Thank Wy~ for the link. is this something I could use and would this be all i need plus batteries? if so the price is very reasonable.

http://www.sunelec.com/index.php?main_page=pv_systems&id=1209&type=OFFG


----------



## gwest (Oct 9, 2008)

You can also try www.wholesalesolar.com for panels,inverters etc.


----------



## wy_white_wolf (Oct 14, 2004)

themamahen said:


> Thank Wy~ for the link. is this something I could use and would this be all i need plus batteries? if so the price is very reasonable.
> 
> http://www.sunelec.com/index.php?main_page=pv_systems&id=1209&type=OFFG


If all you're looking for is to power lighting then that is way to big. It would be the size for a small to med cabin. For just lighting look at there 200-400watt kits.
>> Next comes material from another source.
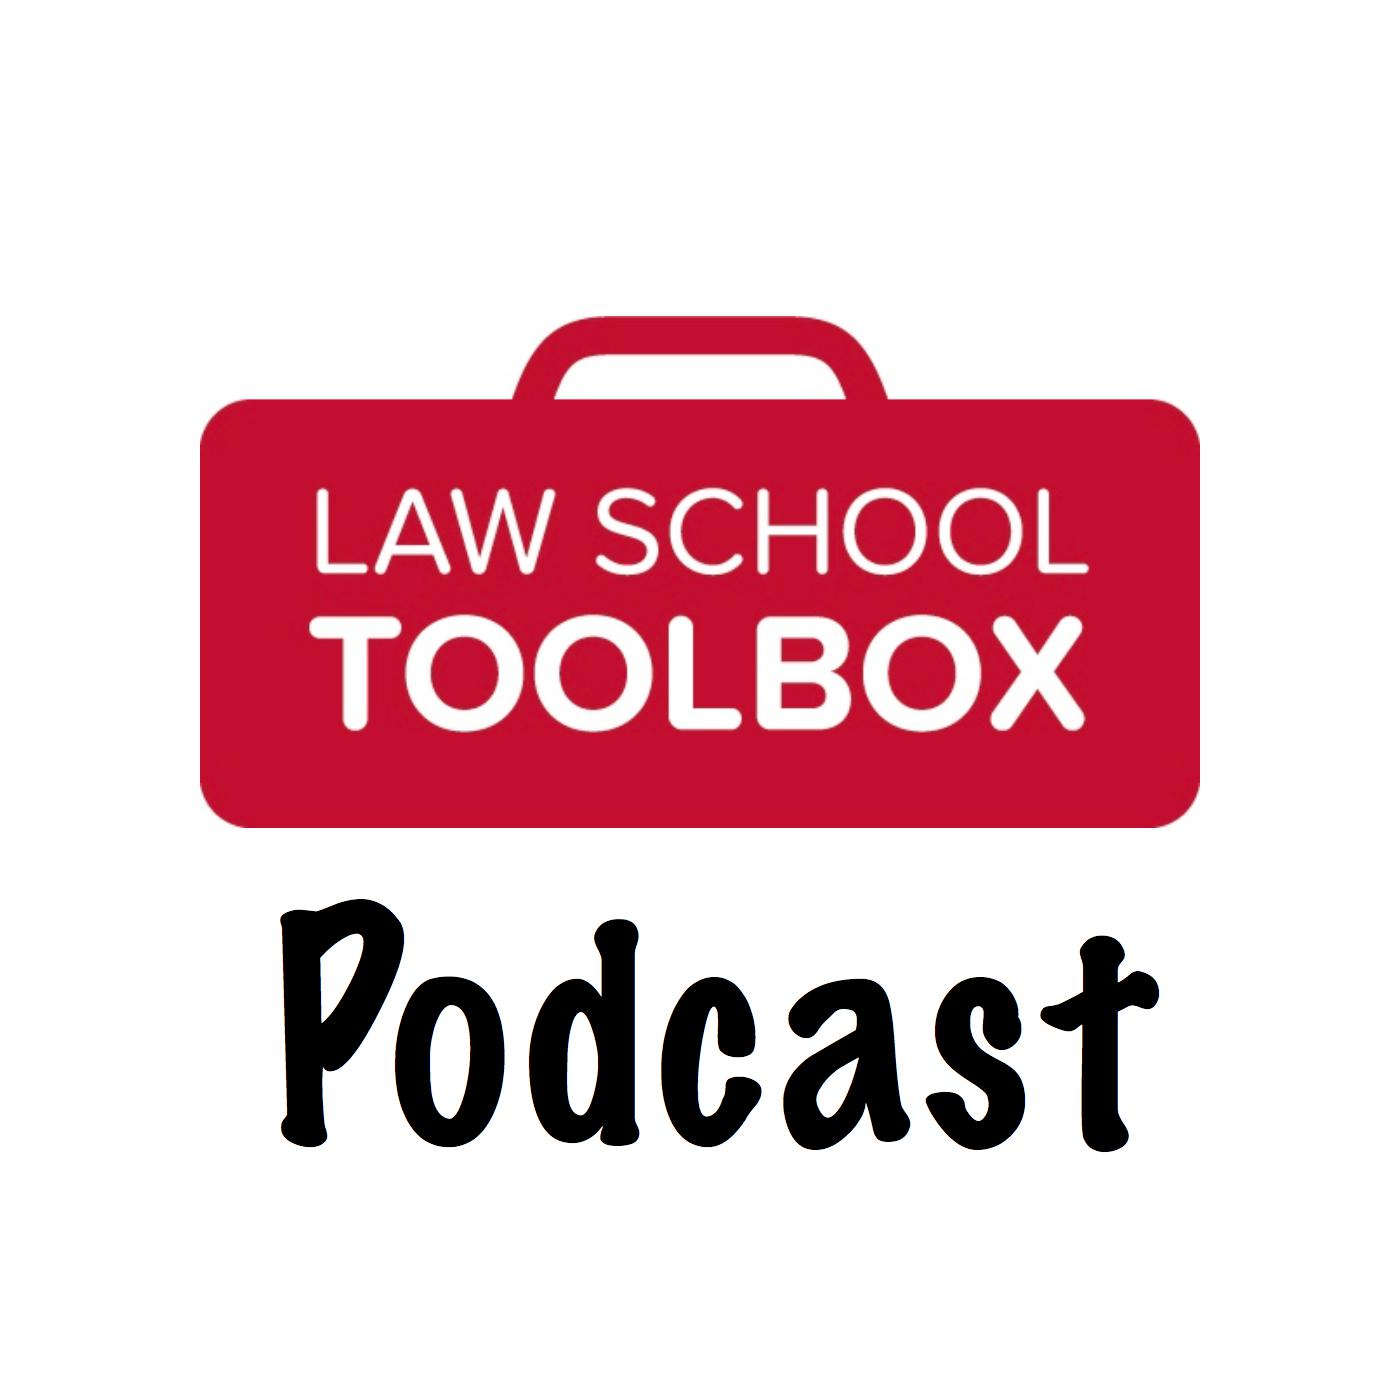 152: Top OCI Mistakes to Avoid (w/Sadie Jones) - The Law

at minimum for that system you would also need:

Batteries - I wouldn't get the ones they have listed and get them locally. Also try to keep them down to a single string instead of the 2 strings that they are suggesting. (24V @ 450AH) 
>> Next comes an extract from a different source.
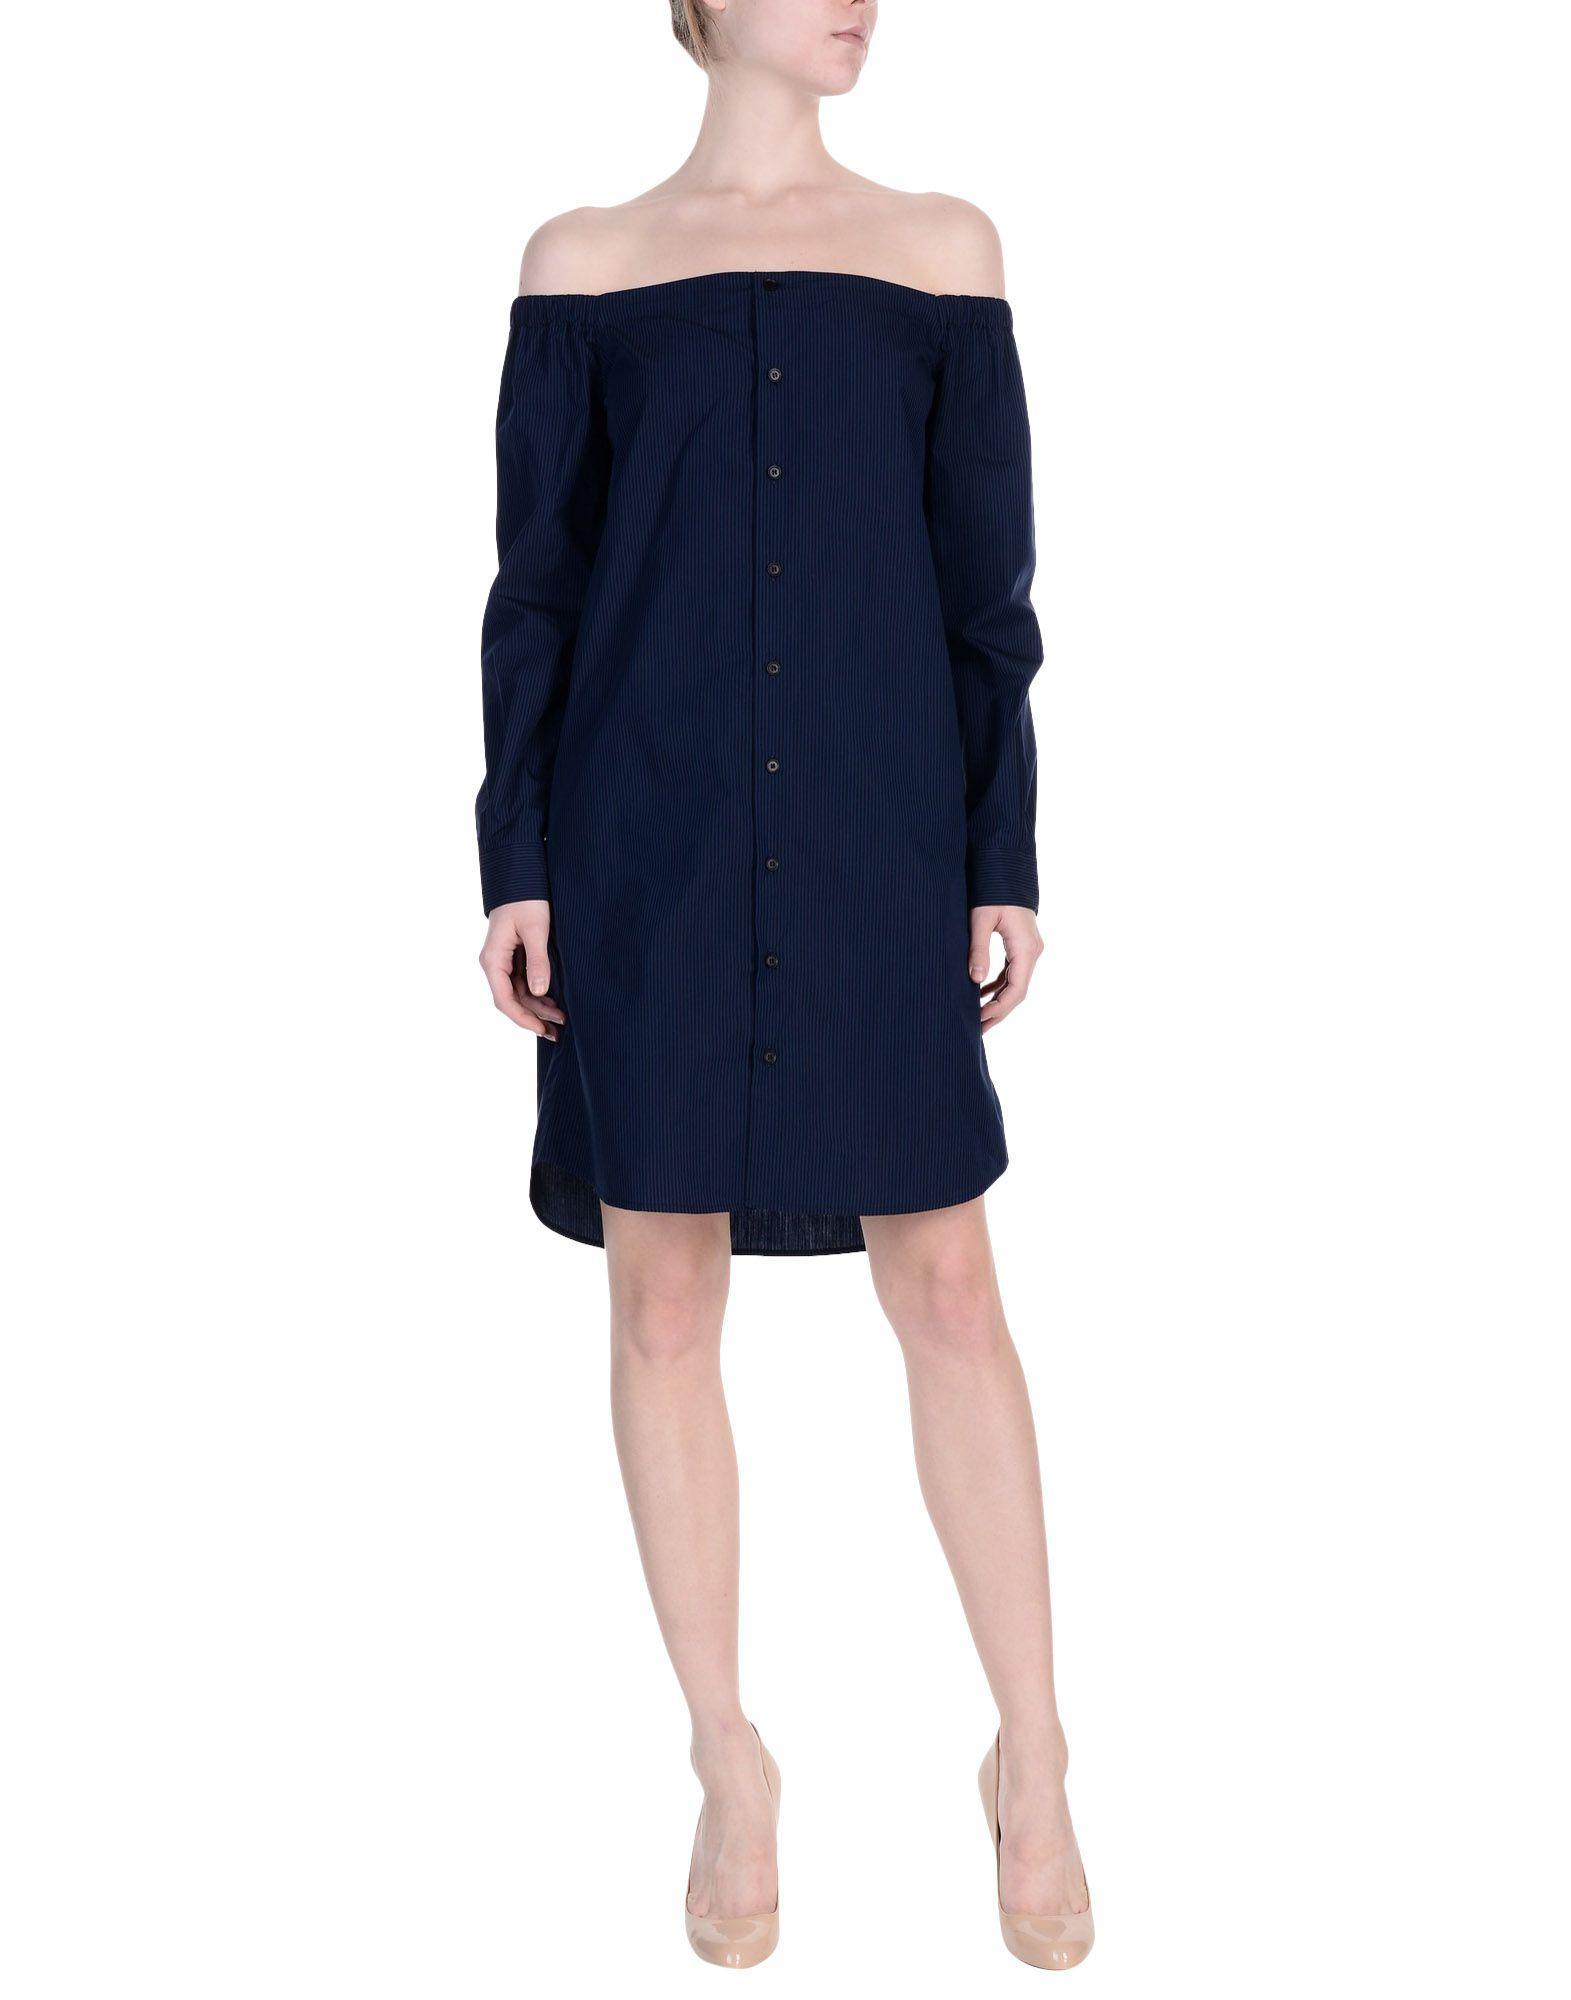 Diesel Black Gold Short Dresses In Dark Blue

Mounting for the panels - Thin film panels cost higher for mounting because of the size.

Conduit - They supply wiring but not the conduit needed to run from the panels to inside.

Permits - yep, I think even Idaho requires permits for off-grid systems

Someone qualified to install - This I don't know what Idaho's requirements are.

Good luck
WWW


----------